What the task asks -
Output, verbatim and without pictures, the lines from the first line of the listing through the line containing "Eine seltene guatemaltekische".

Data segment -

########################################

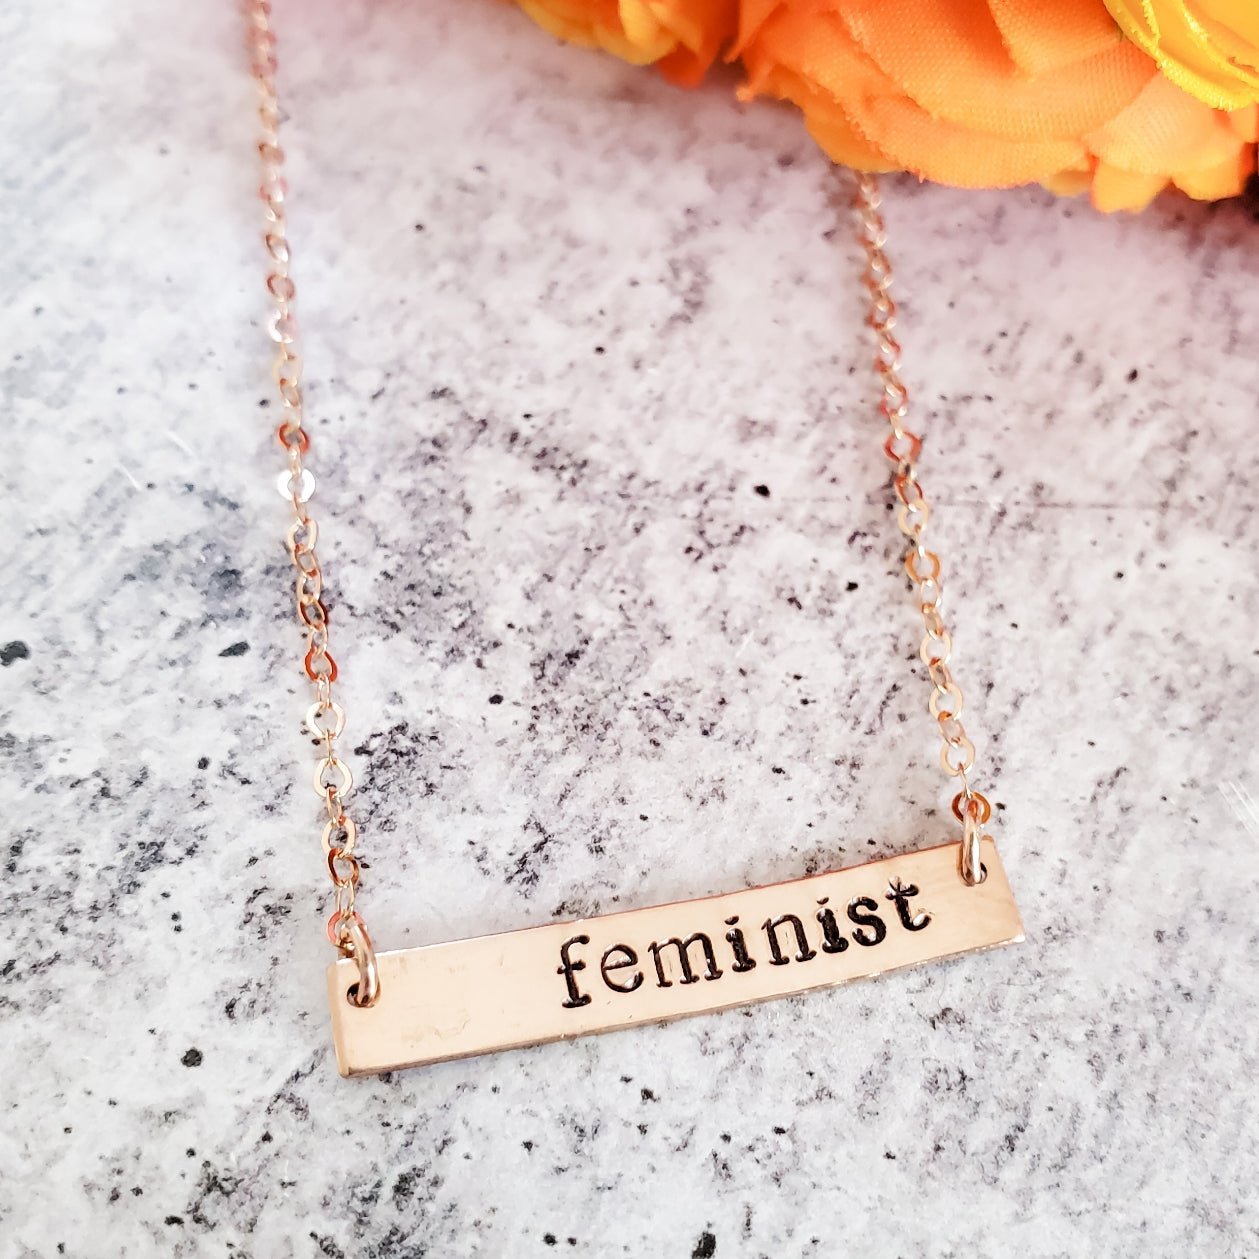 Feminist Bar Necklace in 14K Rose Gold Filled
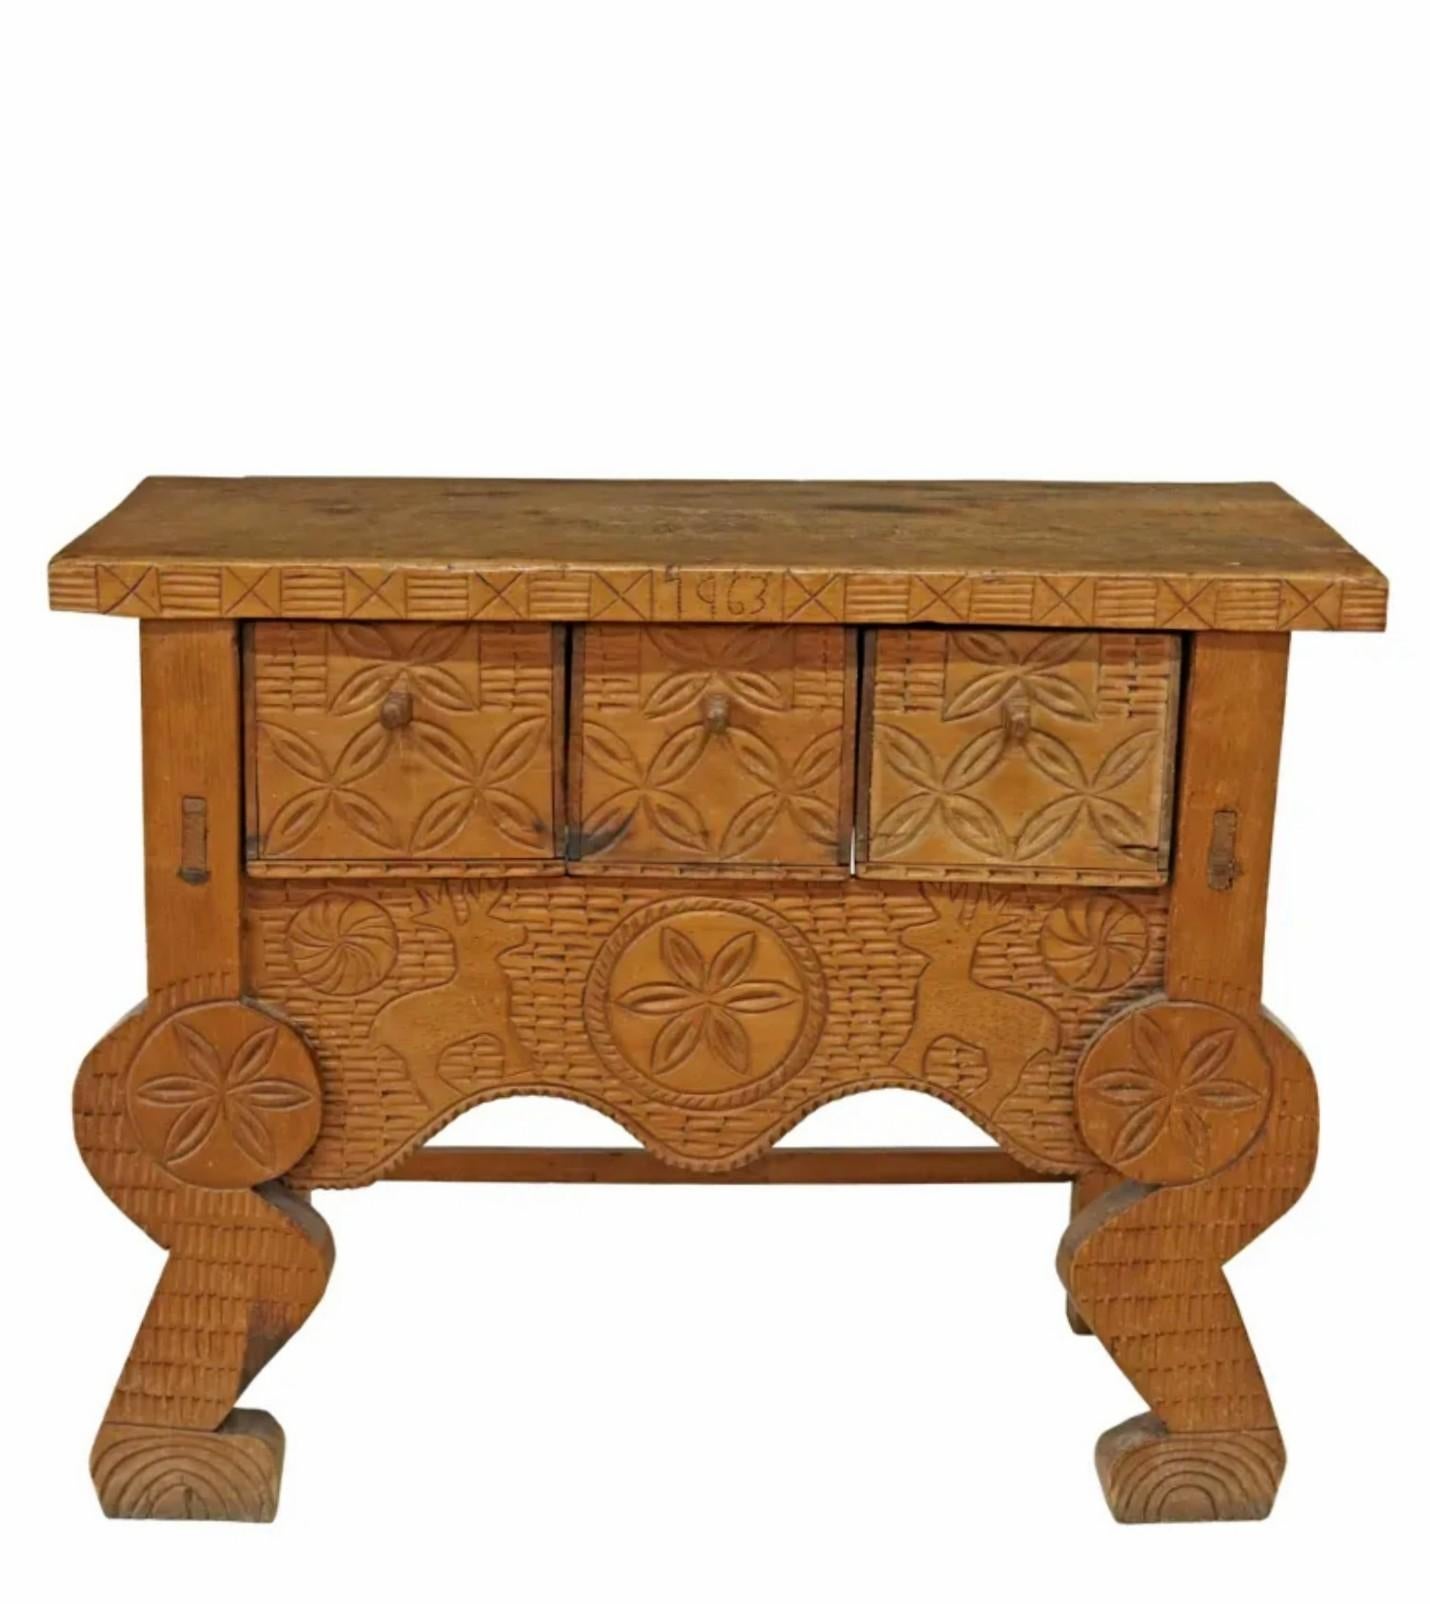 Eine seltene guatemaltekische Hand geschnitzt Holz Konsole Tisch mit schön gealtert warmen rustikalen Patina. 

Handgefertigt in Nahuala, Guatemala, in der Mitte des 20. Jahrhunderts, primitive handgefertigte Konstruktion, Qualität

########################################

Solution for this exercise -
 Feminist Bar Necklace in 14K Rose Gold Filled
 Eine seltene guatemaltekische Hand geschnitzt Holz Konsole Tisch mit schön gealtert warmen rustikalen Patina. 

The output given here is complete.